By Tess Barbey, Year 9
Gender Segregation is a worldwide issue you have likely heard of, but which isn’t talked about enough. Gender segregation is defined as the physical, legal, and cultural separation of people according to their biological sex. In other words, it is when you are put into a group (Ex: a sports team, cafeteria table etc) according to your gender – “boys with boys, and girls with girls”. This may seem normal, but it has a negative impact on many people in different countries.
At school, we’ve been raised, all of our lives, to separate girl from boy, whether it’s for a sports team, or for a simple game of dodgeball, it’s happened to every single one of us, and for the most part of us, we don’t really care. From the minute you are born, doctors place a pink or blue hat on you, to identify your gender. You aren’t even a few days old yet and you are already put into a certain group. And it continues for the rest of your life.

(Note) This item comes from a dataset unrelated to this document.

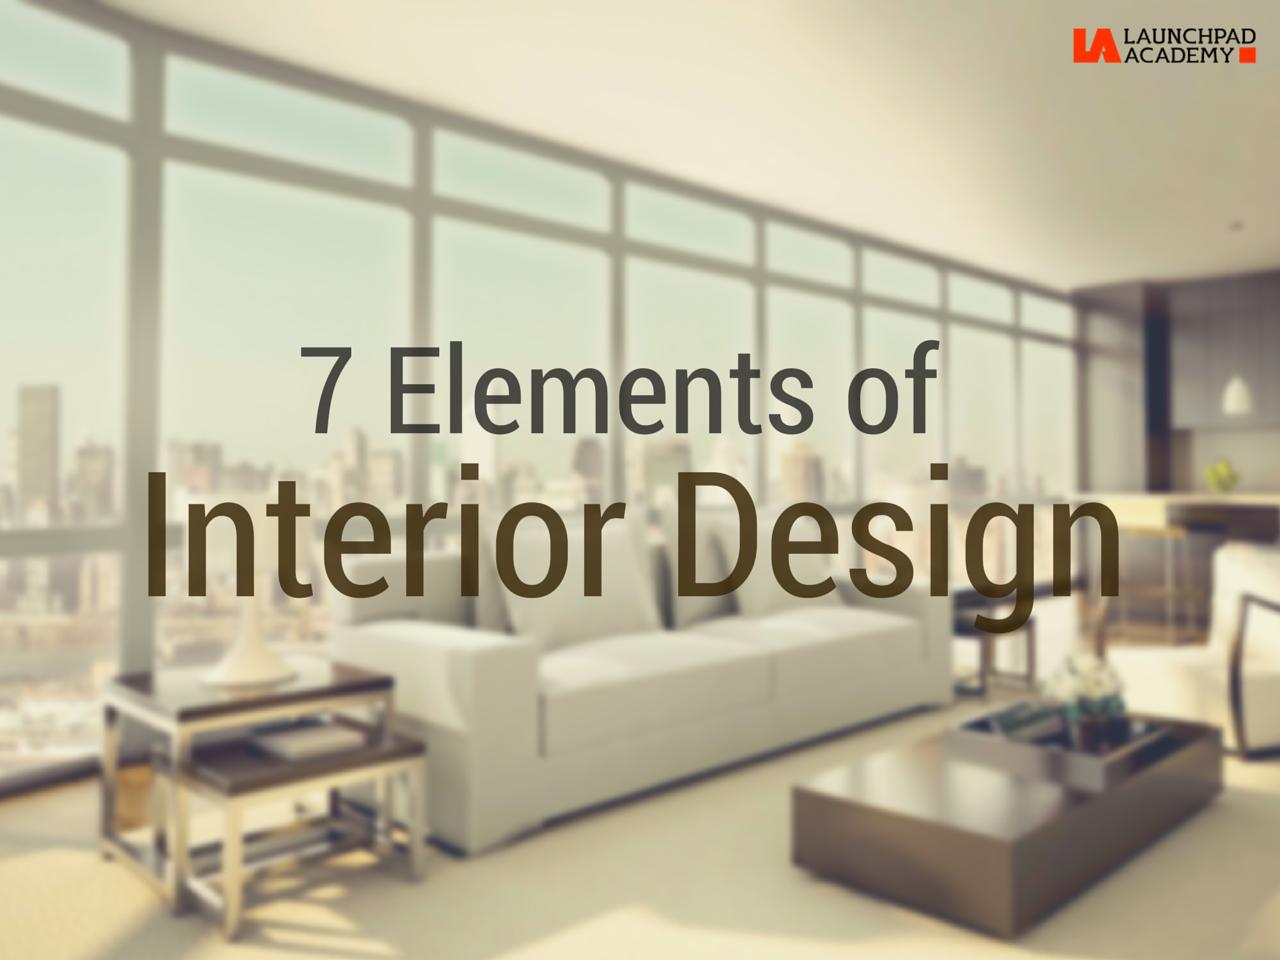 Interior Design Ideas Ppt Interior Design Classes Interior Design Meaning Interior Design Elements

For me, it wasn’t something that bothered me when I was younger. But just last week, my class and I were on field week, I noticed the huge difference that is made between a girl and a boy. When we were having meals, each table was either filled with girls, or either filled with boys, but it was never mixed up. In each sports activity, the monitors would ask us to put ourselves in groups of girls and boys. This separation is harmful and unnecessary; it limits boys and girls and serves only to reinforce stereotypes. By not getting to know the other gender as well as we know our own, we miss out on interesting conversations and potential friends.
This binary view of gender is especially harmful to young people growing up unsure of their own identity. Imagine how it must be like to be non-binary (when you don’t identify as either girl or boy) or transgender, to have to ‘pick’ a side, to sit at the girls’ or at the boys’ table, when you yourself aren’t sure which category you belong in.